Lo dije sin malicia, sin segundas intenciones. Pero antes de que hubiera acabado de decirlo, antes incluso de que Ruth llegara a callarse por completo, Tommy dejó escapar una risa repentina, una especie de explosión, un ruido que jamás le había oído antes. Y dijo:

– Eso es exactamente lo que estaba a punto de decir. Hace rato que he dejado de seguir lo de la mujer esa.

Mis ojos estaban fijos en la carretera, de forma que no estoy segura de a quién de nosotras dos se dirigía. En cualquier caso, Ruth dejó de hablar y fue volviéndose despacio hasta quedar en su postura normal en el asiento, de nuevo con la cara frente al asfalto. No parecía particularmente molesta, pero su sonrisa se había esfumado y sus ojos miraban fijamente hacia la lejanía, hacia algún punto del cielo que teníamos enfrente. Pero tengo que ser sincera: en aquel momento yo no estaba pensando en Ruth. Mi corazón había dado un pequeño brinco, porque fue como si -con aquella especie de risa de connivencia-, de un plumazo, Tommy y yo hubiéramos vuelto a estar muy unidos después de tantos años.

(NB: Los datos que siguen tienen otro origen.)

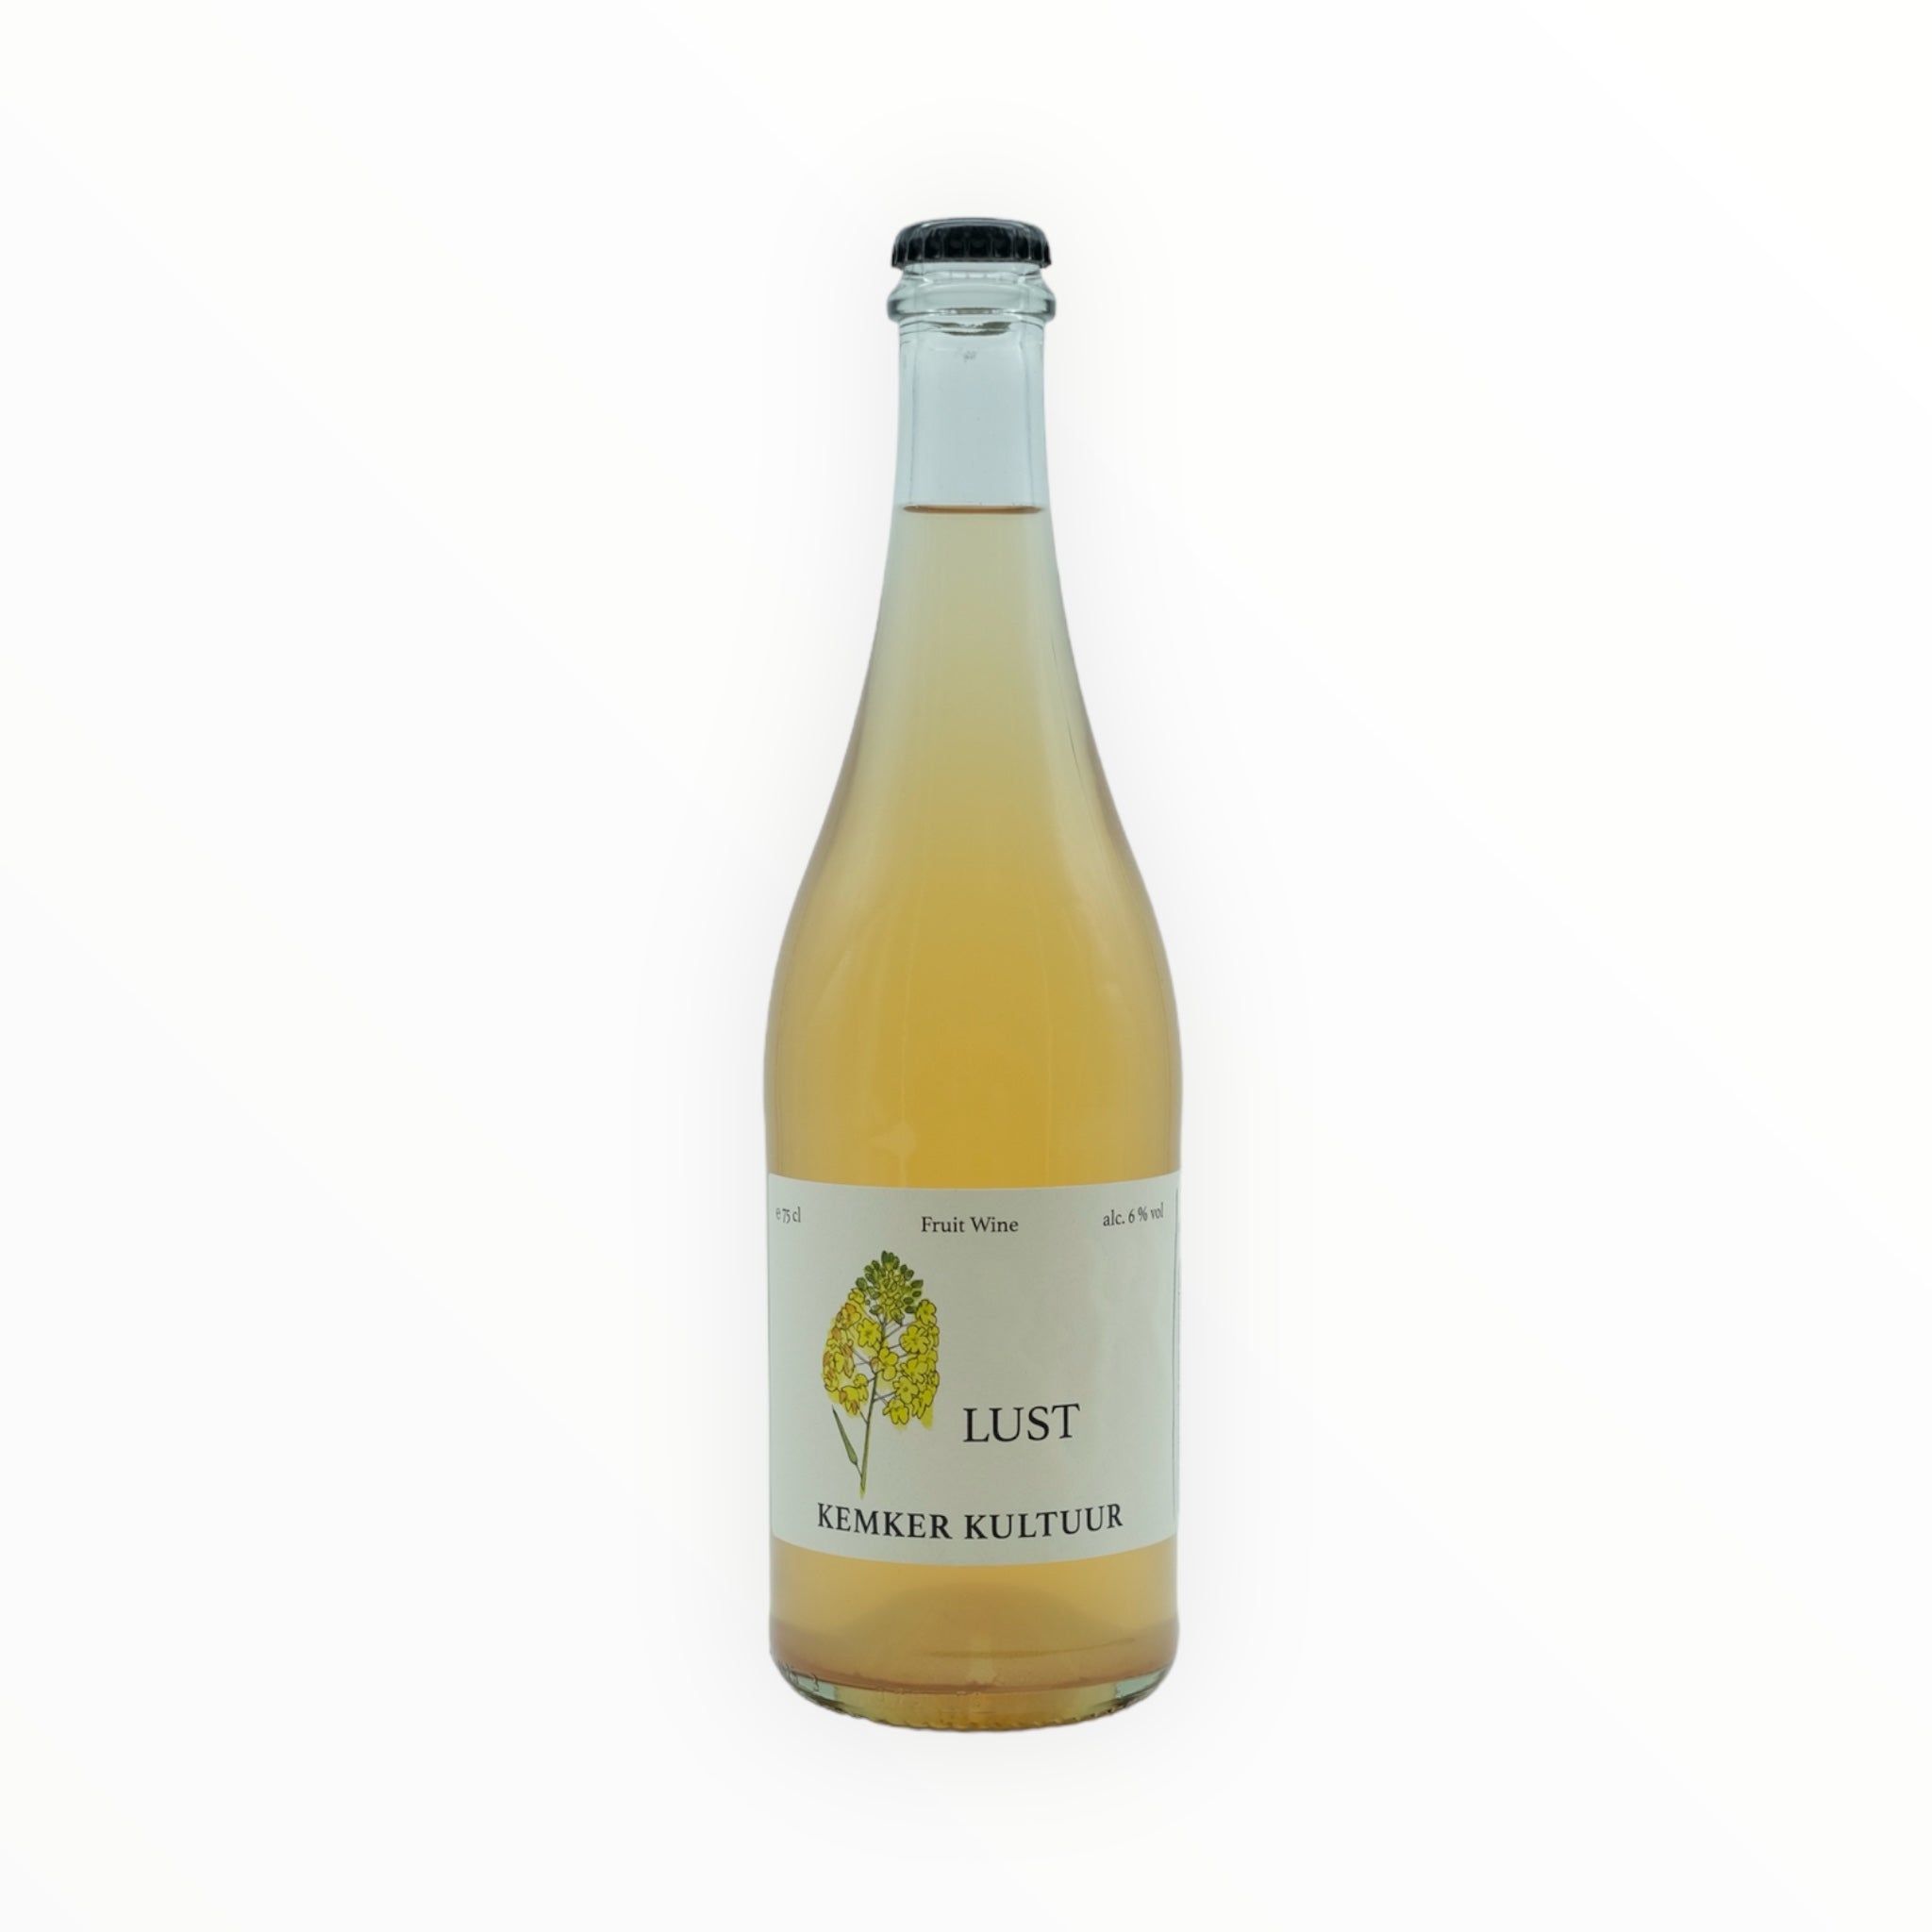 Brewery Kemker - Lust Quince/Aronia - Fluid Fruit

Encontré el desvío que teníamos que tomar unos veinte minutos después de nuestra salida de Kingsfield. Avanzamos por una carretera curva bordeada de tupidos setos, y aparcamos junto a un grupo de sicómoros. Eché a andar hacia el comienzo del bosque seguida de Ruth y Tommy pero, enfrentada a tres senderos bien visibles que se internaban entre los árboles, hube de pararme para consultar el croquis que había traído para no perdernos. Mientras estaba allí quieta, tratando de descifrar la letra de la persona que había trazado aquel plano esquemático, advertí de pronto que Ruth y Tommy estaban a mi espalda, sin hablar, esperando, casi como niños a quienes se les ha de decir qué hacer a continuación.